We can sort it once and then output the number smaller than I, but the complexity will be the same as the sorting.

 

There are better methods:

 
Java code
Int randselect (INT [] ary, int left, int right, int index) {// find the number of small indexes from [left, right]
If (left> right | index> right-left ){
Throw new illegalargumentexception ();
}

If (Left = right ){
Return ary [left]; // Index = 0
}

Int mid = partition (ary, left, right); // divide the array once. [left, mid-1] [Mid] [Mid + 1, right]
Int Len = mid-left;
If (Index = Len) {// exactly
Return ary [Mid];
} Else if (index <Len) {// the number to be searched is in the left Interval
Return randselect (ary, left, mid-1, index );
} Else {// the number to be searched is in the right range. Of course, you need to find a small number in index-len-1, because you need to deduct the left range and mid
Return randselect (ary, Mid + 1, right, index-len-1 );
}
}

 

In this example, partition encountered in quick sorting.

 
Java code
Int partition (INT [] A, int low, int high ){
Int x = A [low];
Int M = low;
For (INT I = low + 1; I <= high; I ++ ){
If (A [I] <X ){
Swap (A, ++ m, I );
}
}
Swap (A, low, M );

Return m;
}

Void swap (INT [] A, int I, Int J ){
Int T = A [I];
A [I] = A [J];
A [J] = T;
}

 

Not busy. Write a test first.

 
Java code
@ Test
Public void testrandselect (){
Random Rand = new random ();

For (INT I = 0; I <100; I ++ ){
Int [] A = genrandary (I + 1 );
Int [] B = arrays. copyof (A, A. Length); // because randselect sorts array A, copy it first

Int K = Rand. nextint (A. Length); // We need to select the K-small number from.
Int M = randselect (A, 0, A. Length-1, k );
Arrays.
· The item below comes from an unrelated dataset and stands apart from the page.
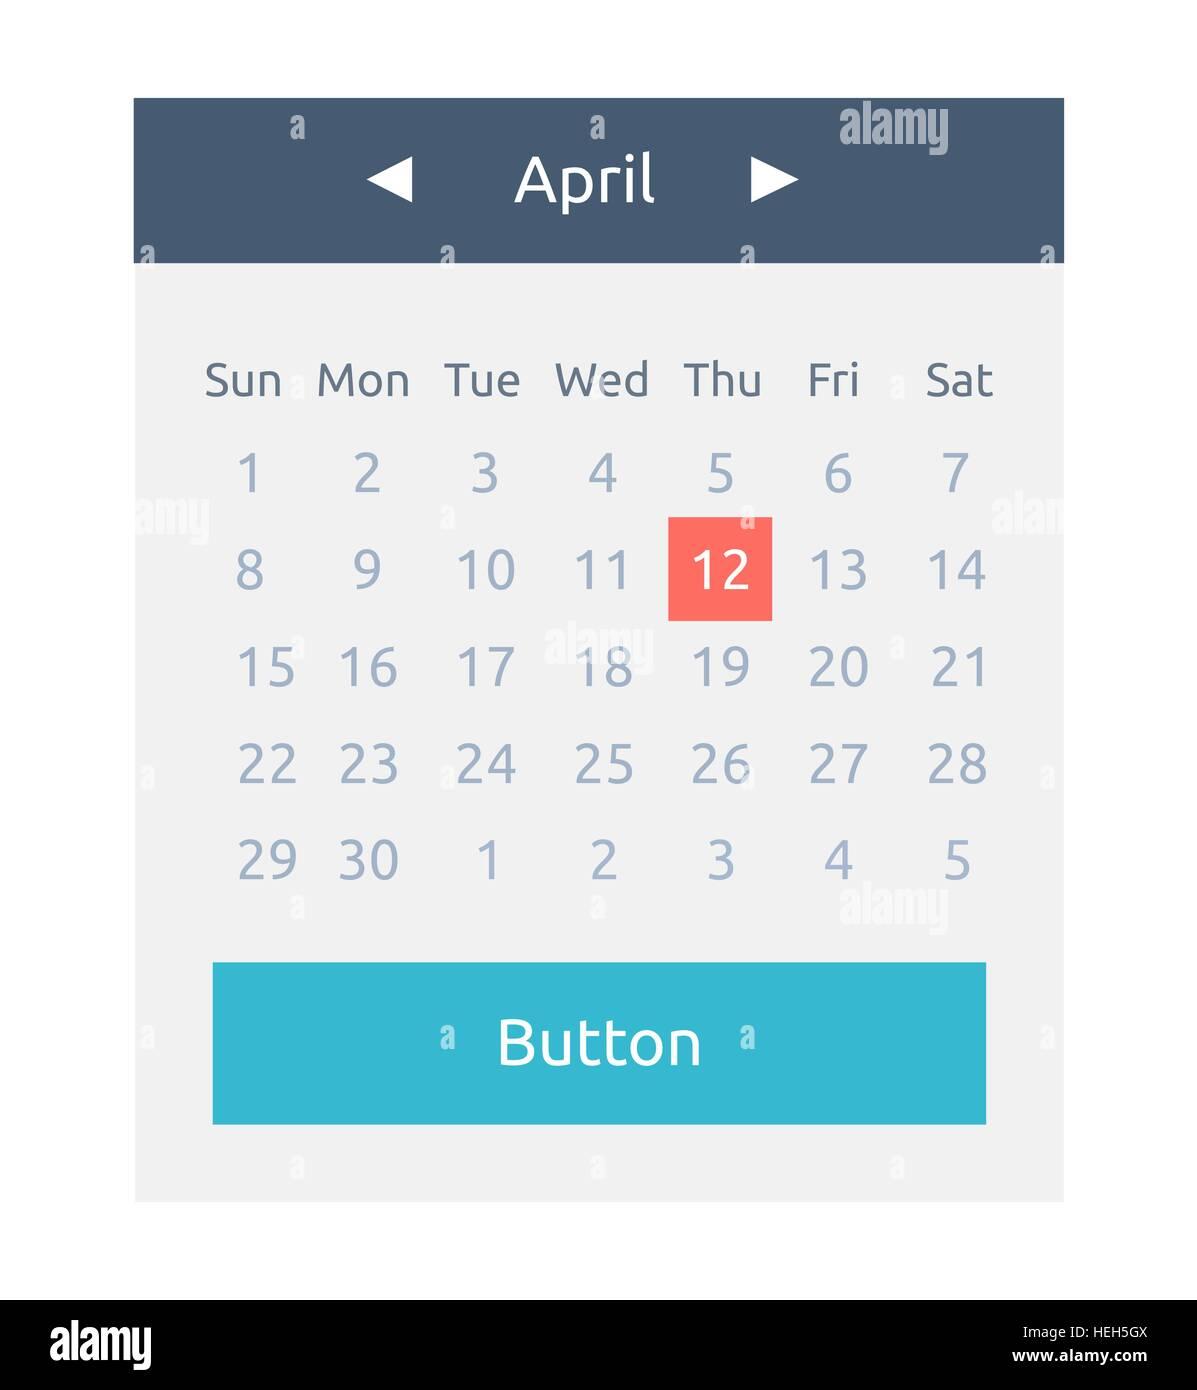 Calendario Per Sito Web.Elemento Del Sito Web Pulsante Calendario Icona Calendario

Sort (B); // sort B again
Assertequals (B [K], M); // at this time, m should be the same as B [k]
}
}

 

We can see that the operation is successful :)

 

The complexity is analyzed as follows.

 

First, reconstruct randselect and change it to the number of comparisons.

 

 
Java code
Int randselect2 (INT [] ary, int left, int right, int index ){
If (left> right | index> right-left ){
Throw new illegalargumentexception ();
}

If (Left = right ){
Return 0; // modified
// Return ary [left];
}

Int times = right-left; // The following partition must be compared right-left times. For details, see quick sorting (note 4)
Int mid = partition (ary, left, right );
Int Len = mid-left;
If (Index = Len ){
Return times;
// Return ary [Mid];
} Else if (index <Len ){
Return times + randselect (ary, left, mid-1, index); // modified
} Else {
Return times + randselect (ary, Mid + 1, right, index-len-1); // modified
}
}

 

Then the method above is simplified.

1. parameter check is not required

2. Left = right test ---> N = 0

3. Represent left and right as N-related, and remove a and index.
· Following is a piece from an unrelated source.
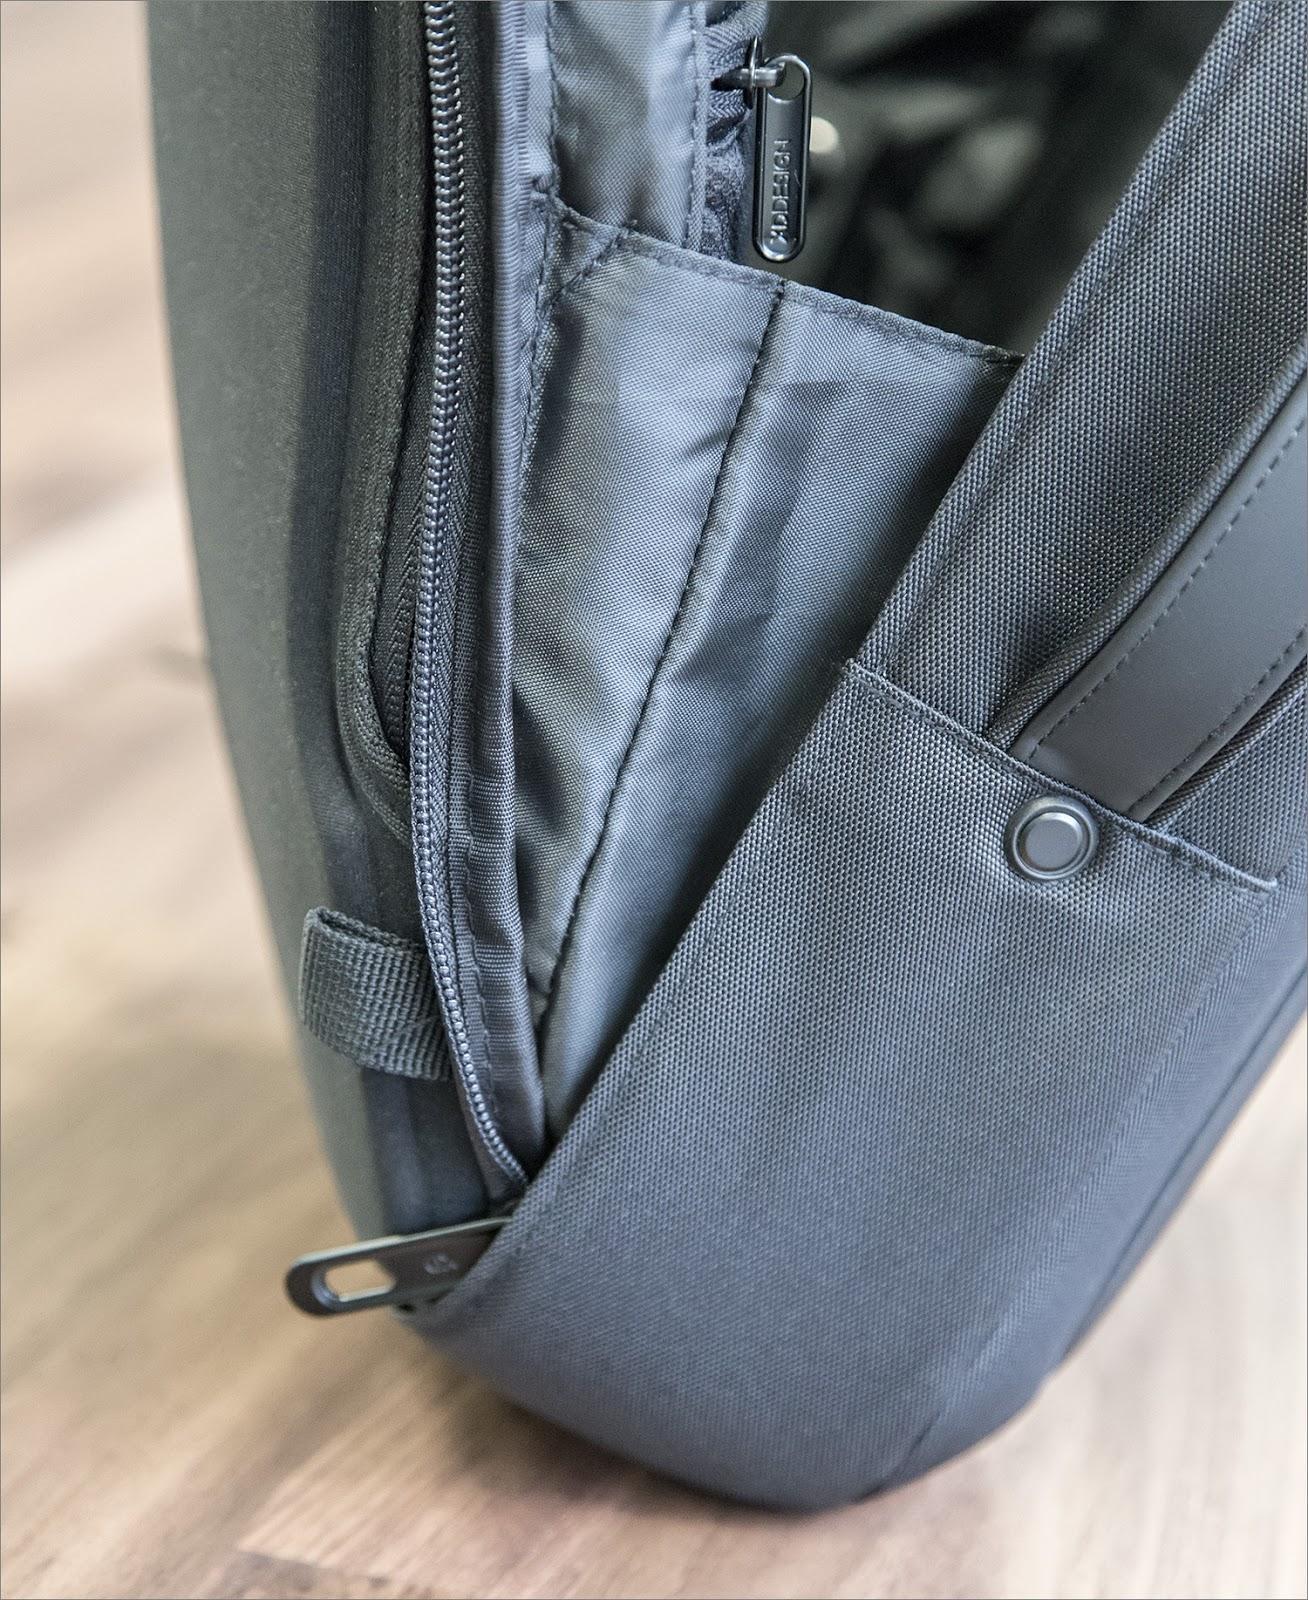 Обзор рюкзака XD Bobby Bizz [ Читать в инкогнито-вкладке ] - 19

3. In general, the partition is evenly distributed, and we assume that all code paths go through the branch of index <Len

The above method can be simplified to the average comparison times.

 
Java code
Int randselect2 (int n ){
If (n = 0 ){
Return 0;
}
Int times = n-1; // Number of partition comparisons
Return times + randselect2 (n/2); // halved after each split
}

The recursive formula is T (n) = T (n/2) + (n-1)

The above written series is: (n-1) + (n-1)/2 + (n-1)/4 + (n-1)/8 +...

(N-1) (1 + 1/2 + 1/4 + 1/8 +...) ---> almost 2 (n-1)

Therefore, the complexity of the randselect algorithm is linear.